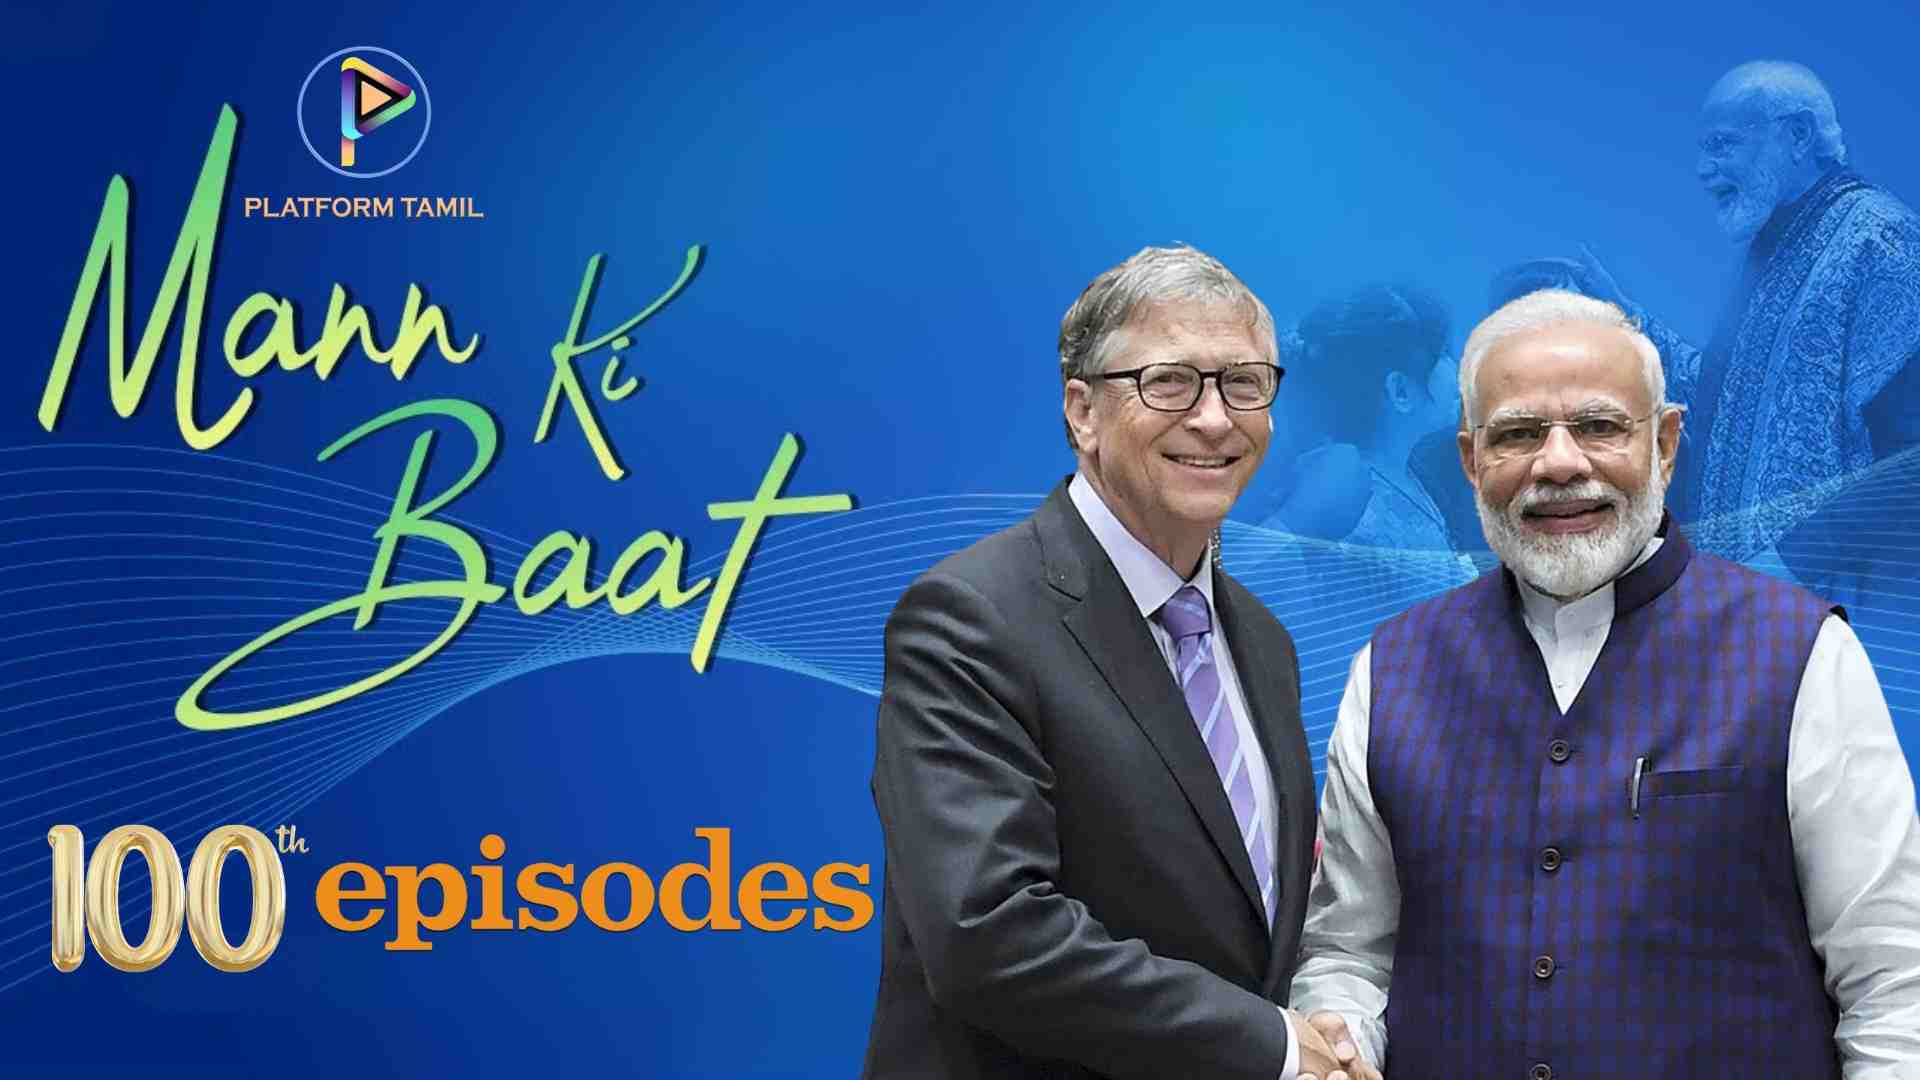 Mann Ki Baat 100th episode - Platform Tamil
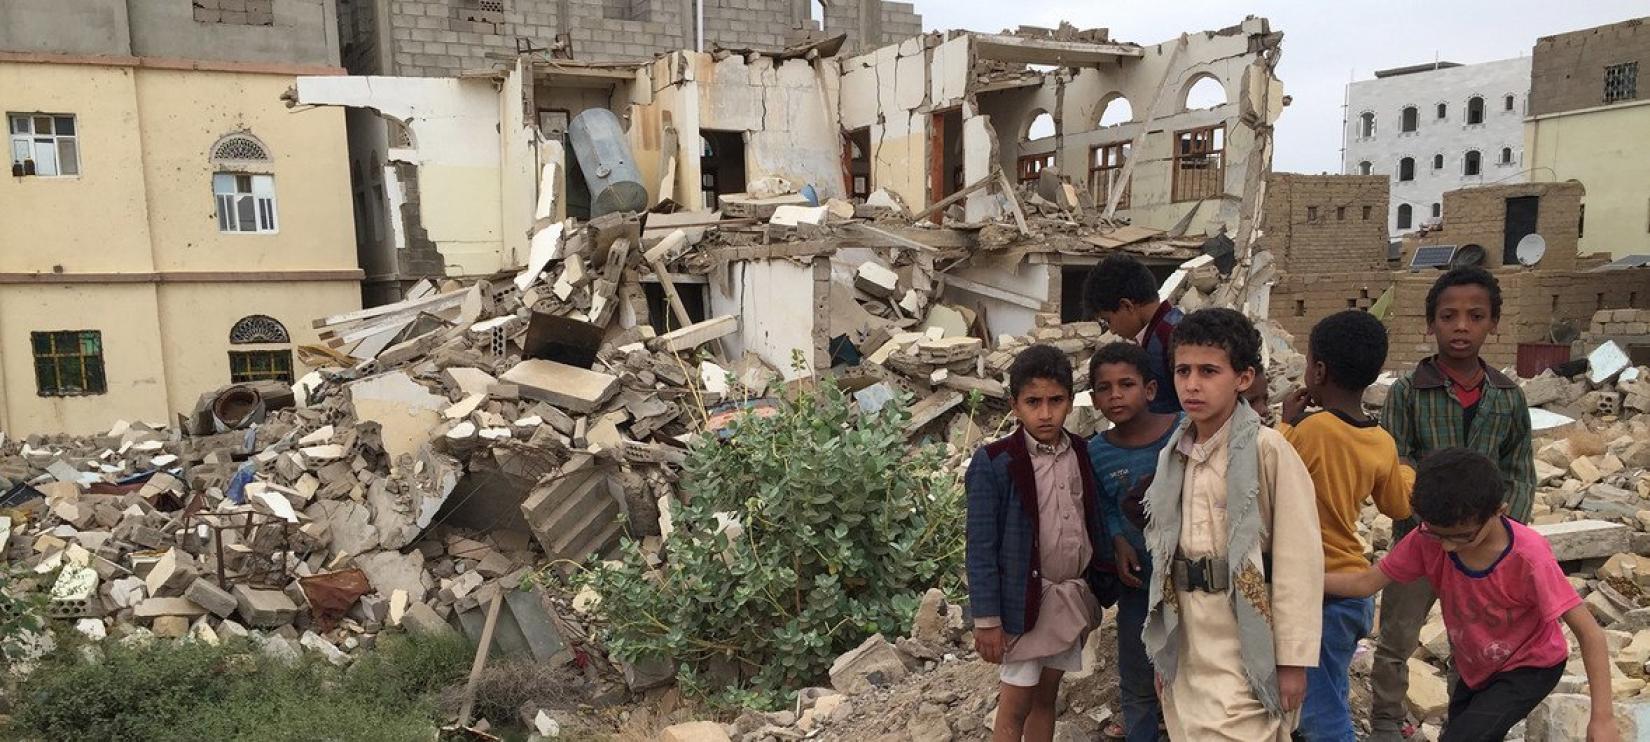 O Iêmen é uma das piores crises humanitárias do mundo, com 24 milhões de pessoas afetadas.
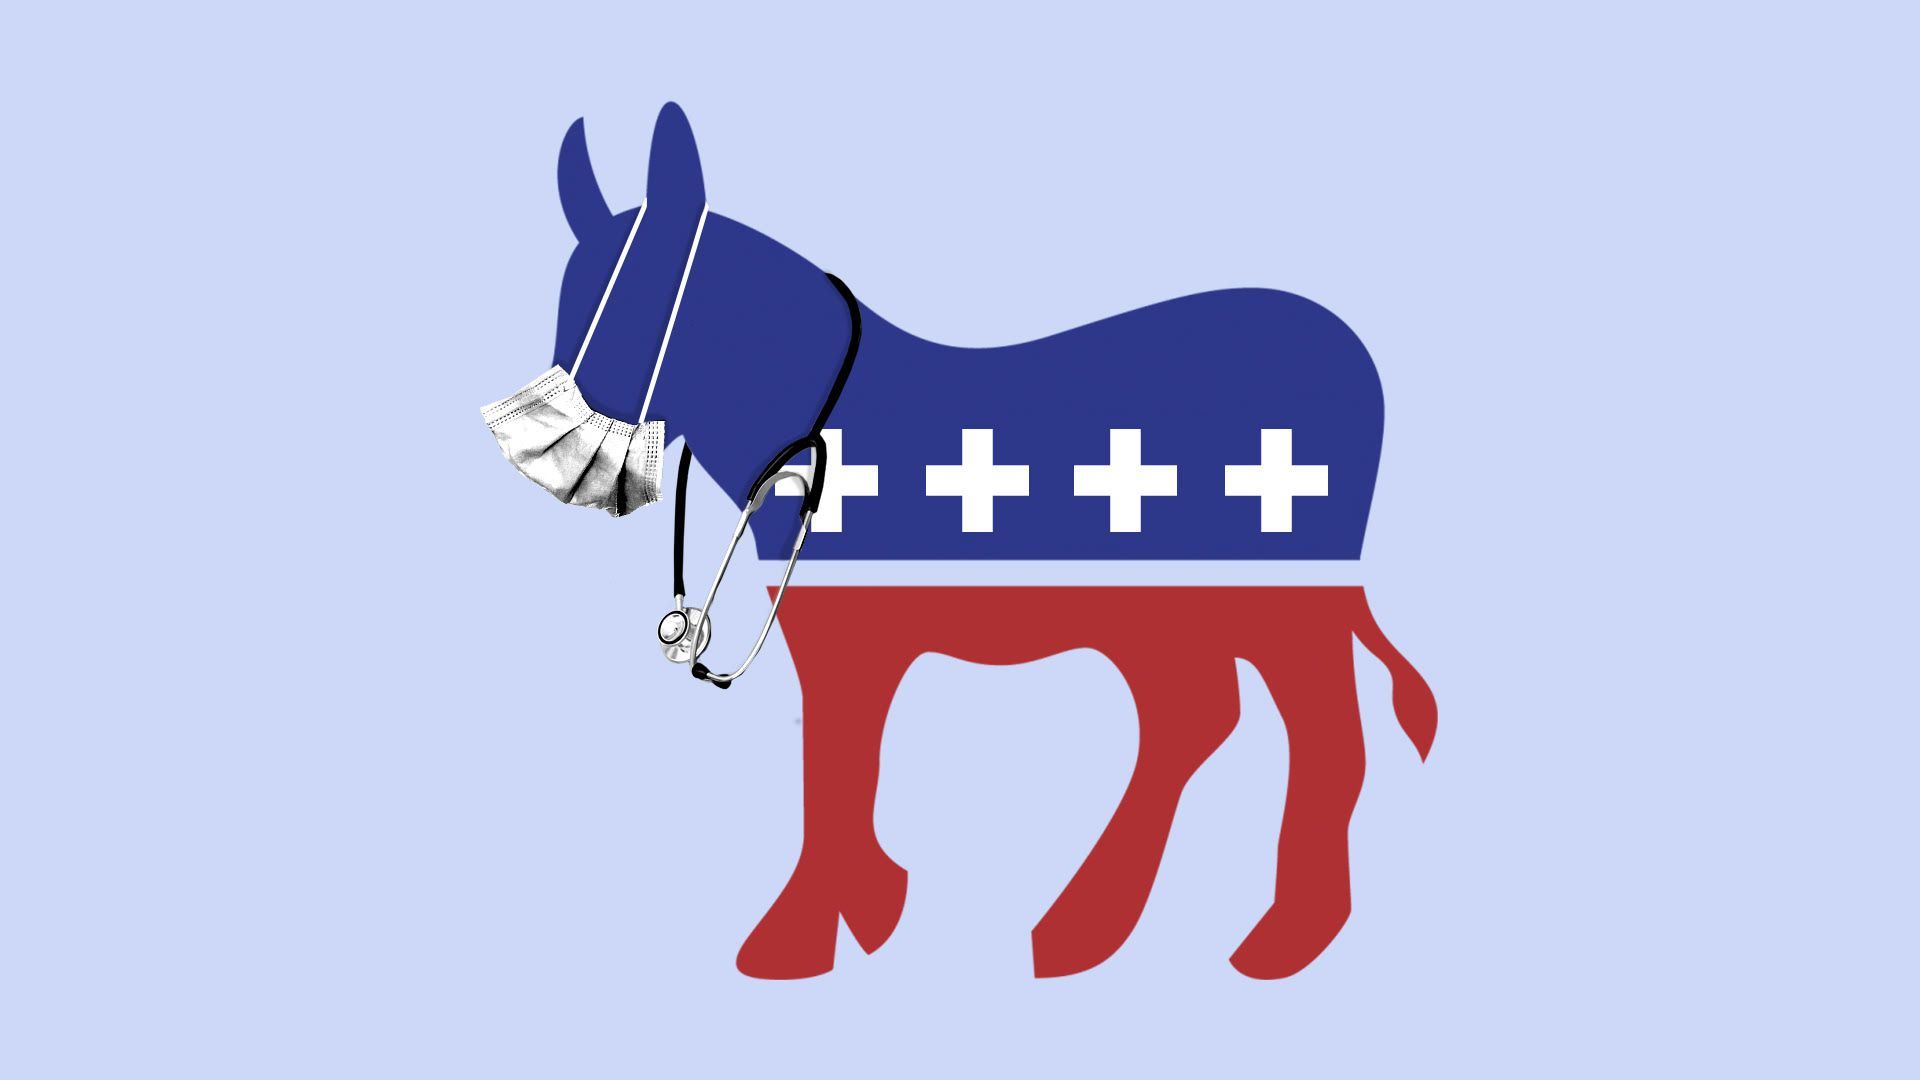 Illustration of democratic donkey wearing stethoscope and medical mask

**Work to be completed:** Could the material above be given again in full and exactly, with its pictures left out?

**The answer:**
 Mann Ki Baat 100th episode - Platform Tamil
 O Iêmen é uma das piores crises humanitárias do mundo, com 24 milhões de pessoas afetadas.
 Illustration of democratic donkey wearing stethoscope and medical mask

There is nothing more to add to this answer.